Friday, April 20, 2001
Ky. on foot-and-mouth alert
Tourists for Scottish festival cause concern
The Associated Press
OWENSBORO, Ky. State and federal veterinarians and agriculture officials met Wednesday to discuss the possibility of Scottish tourists bringing foot-and-mouth disease into Kentucky.
State Board of Agriculture members said that some have raised concern about the disease being carried by tourists and animals from Scotland when they attend the annual Highland Games in Glasgow, Ky.
The games, hosting for the first time the International Gathering of Scottish Clans, are scheduled for May 30 to June 3, a Glasgow city spokeswoman said.
I'm much more concerned with tourism and bioterrorism than I am with livestock being imported into the country, said Billy Ray Smith, commissioner of the Kentucky Department of Agriculture.

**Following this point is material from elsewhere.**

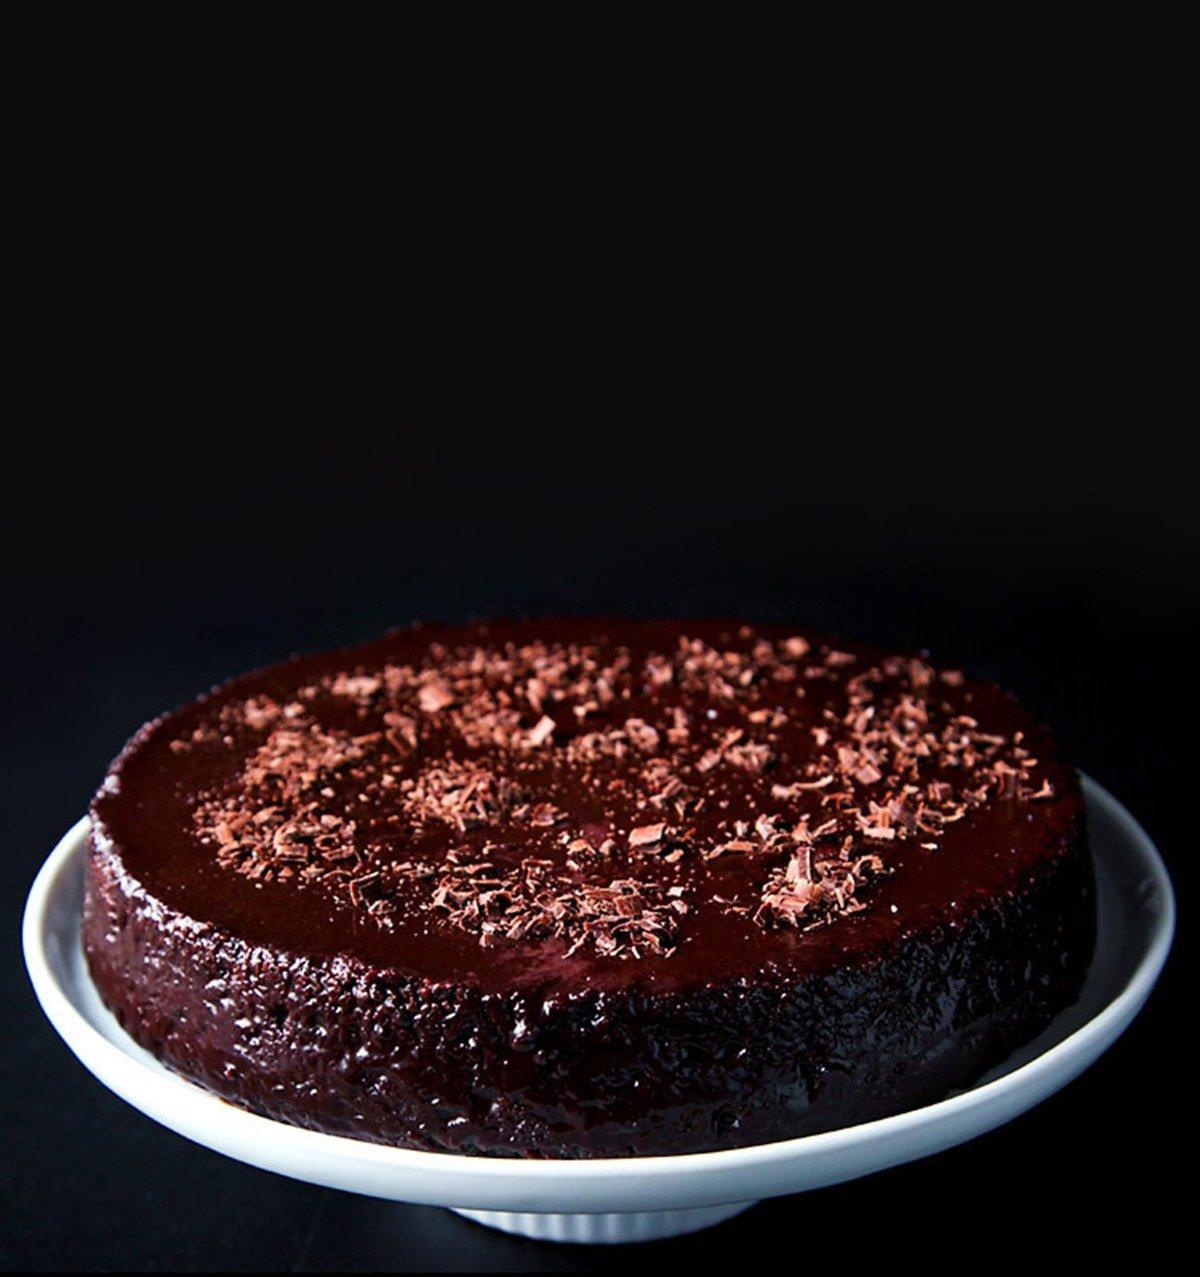 vegan eggless chocolate cake on a white cake stand on a black board

Michael Pavlick, a veterinarian with the U.S. Department of Agriculture, said no animals susceptible to foot and mouth disease will be allowed at the games. Tourists will also have their clothes laundered when they arrive to prevent the spread of the disease, he said.
The tourists will include representatives from the Clans Anderson, Carmichael, Erskine, Gunn, Irwin, Kennedy, Lumsden, MacDonald, MacKenzie, MacLean, MacLennan, MacTavish, Montgomery and Urquhart. They'll visit Barren River Lake State Resort Park for highland dancing, caber tossing and other celebrations of Scottish culture.
Glasgow, settled by Scottish immigrants, was one of the first towns founded in Kentucky and is home to one of the nation's first golf courses.
Officials recently investigated two cases of possible foot-and-
mouth disease in Kentucky, but both were negative, said Roger Odenweller, USDA area veterinarian in charge.
A total of 1.2 million animals have been slaughtered in Europe since the outbreak of the disease was discovered.
Foot-and-mouth disease is deadly to animals but does not hurt humans. It is spread by infected animals' bodily secretions and breath.